▶ **Task description**:
Make an exact copy of the listing below. Pictures stay out of it.

Supplied data: Begin

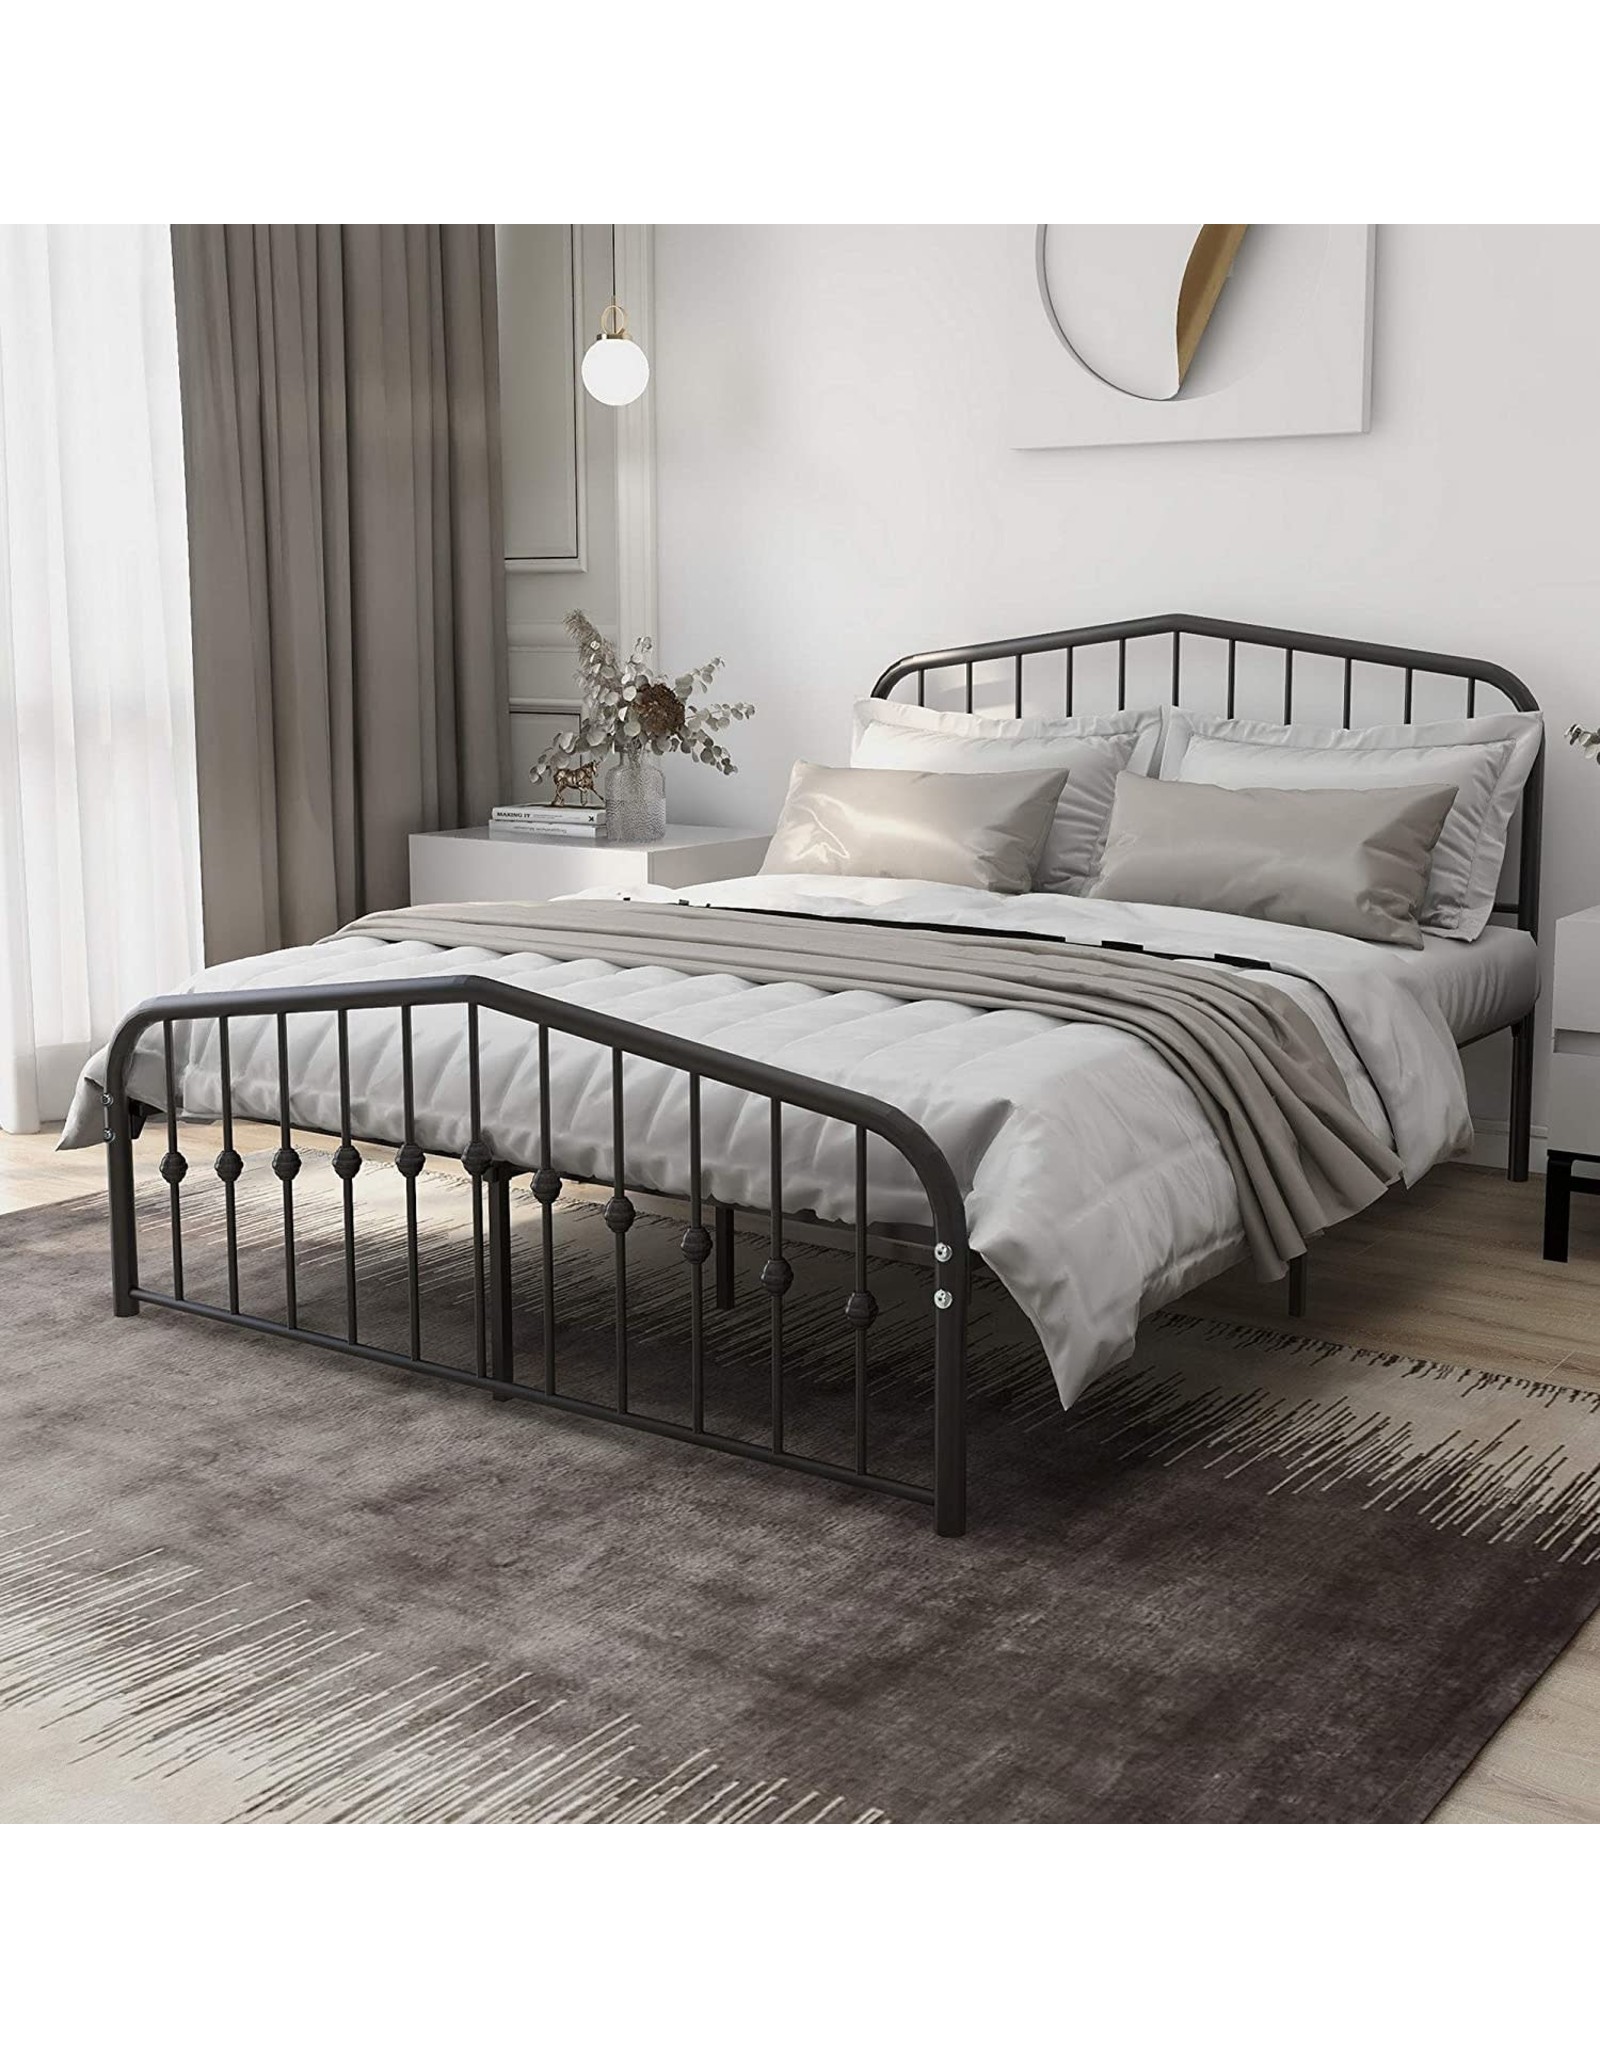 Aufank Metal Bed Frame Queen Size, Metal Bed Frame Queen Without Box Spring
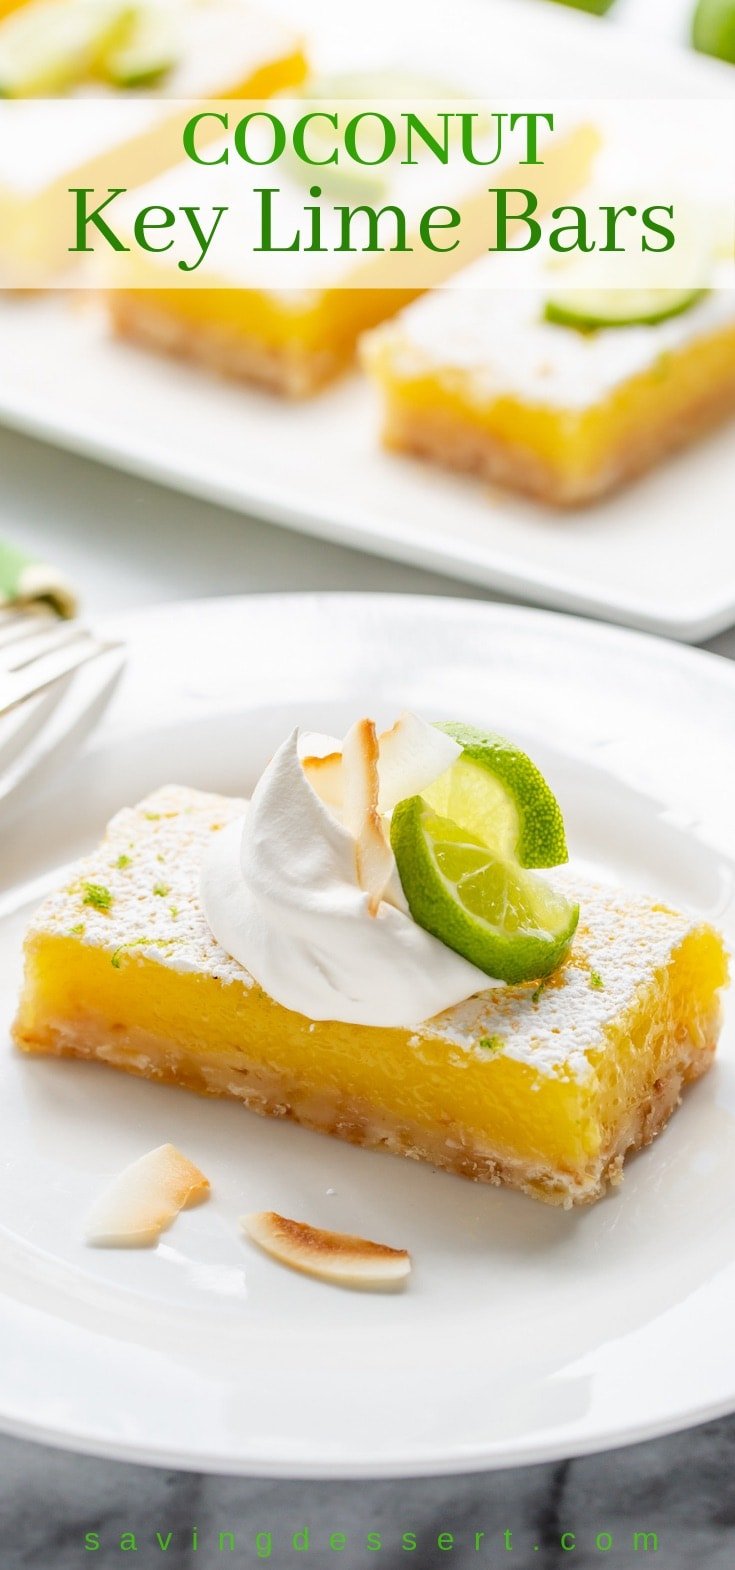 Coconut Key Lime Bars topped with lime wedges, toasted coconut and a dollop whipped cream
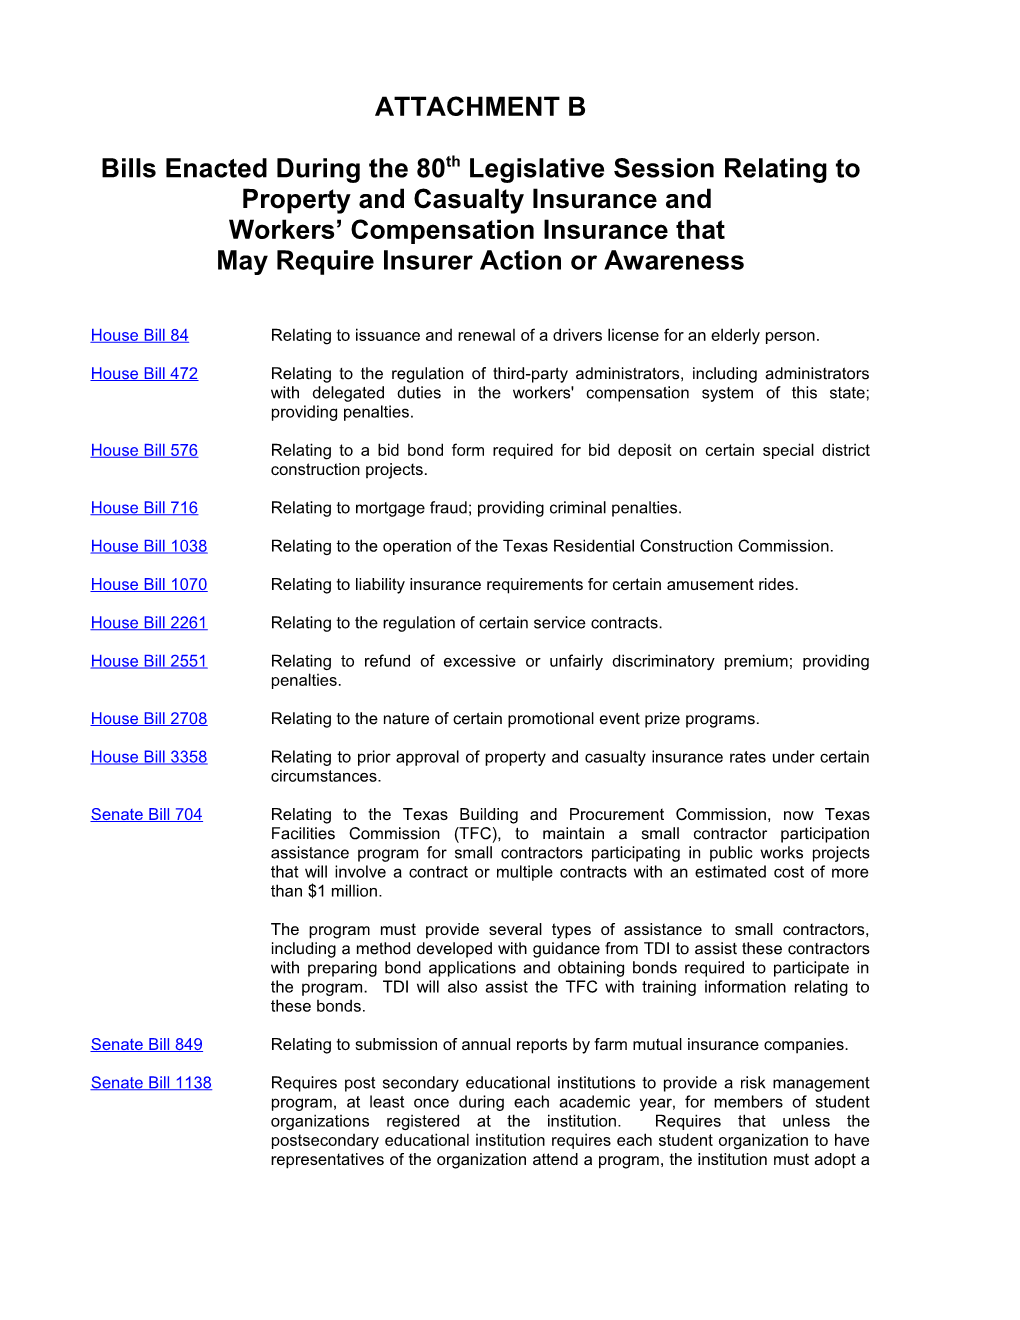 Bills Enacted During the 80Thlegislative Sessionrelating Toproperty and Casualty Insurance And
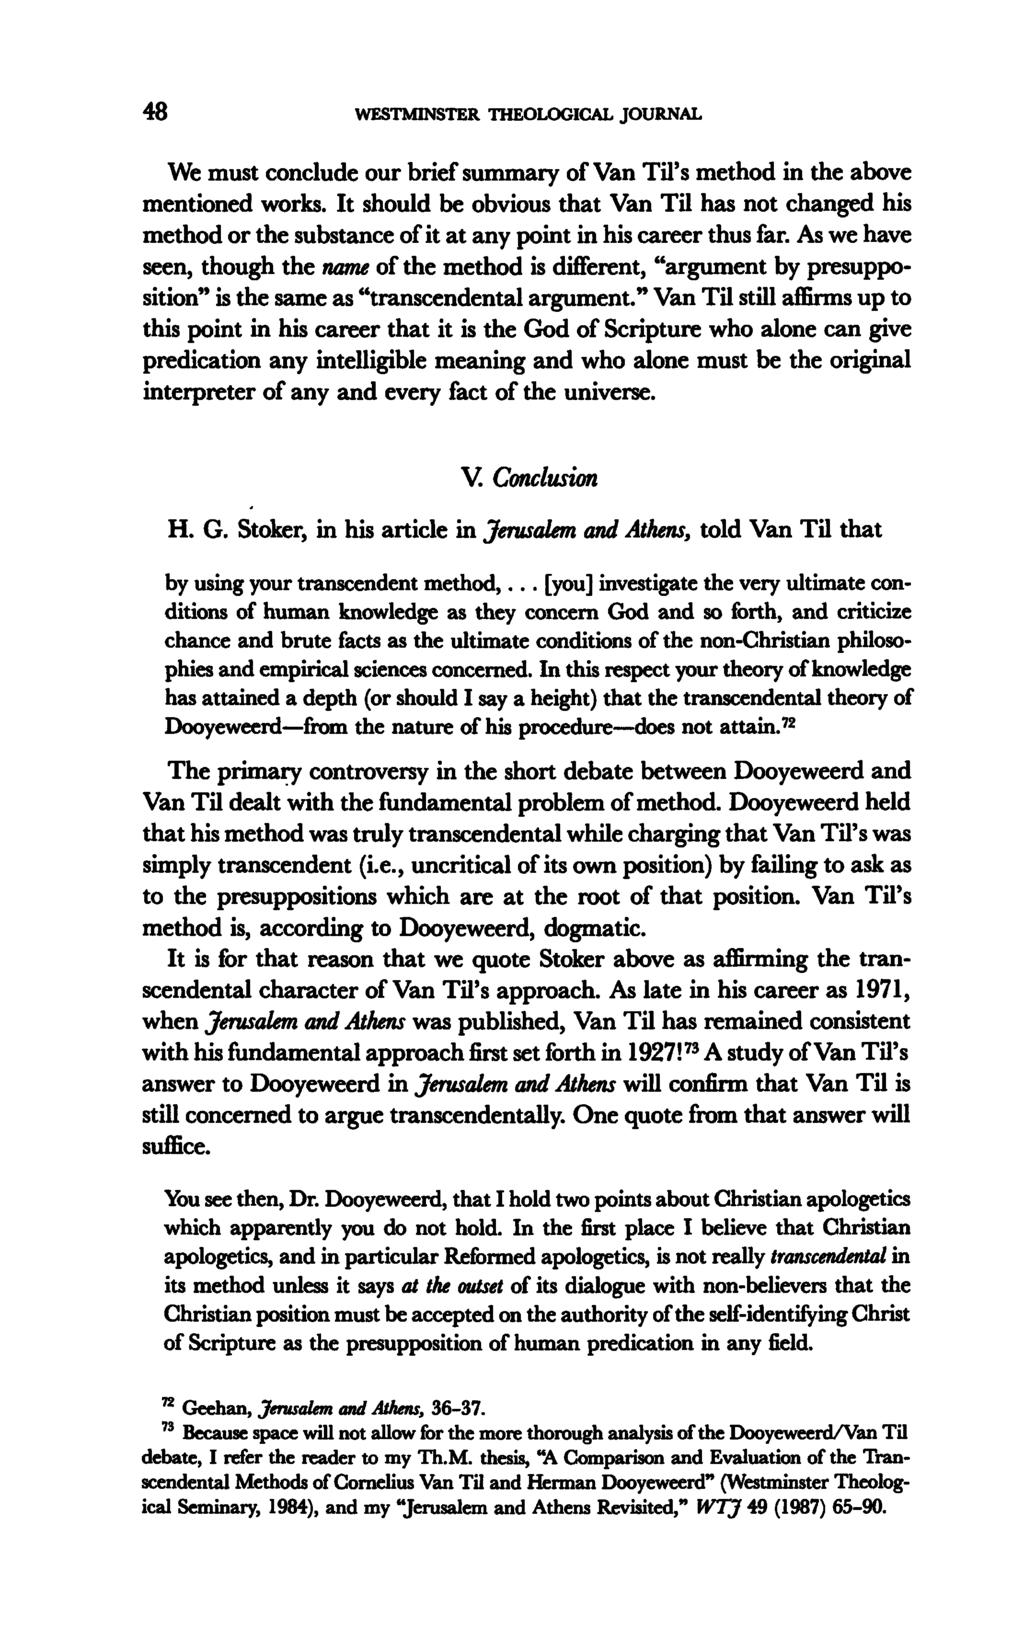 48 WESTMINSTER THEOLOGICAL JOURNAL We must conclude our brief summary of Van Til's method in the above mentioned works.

Supplied data: End

▶ **Finished exercise**:
 Aufank Metal Bed Frame Queen Size, Metal Bed Frame Queen Without Box Spring
 Coconut Key Lime Bars topped with lime wedges, toasted coconut and a dollop whipped cream
 Bills Enacted During the 80Thlegislative Sessionrelating Toproperty and Casualty Insurance And
 48 WESTMINSTER THEOLOGICAL JOURNAL We must conclude our brief summary of Van Til's method in the above mentioned works.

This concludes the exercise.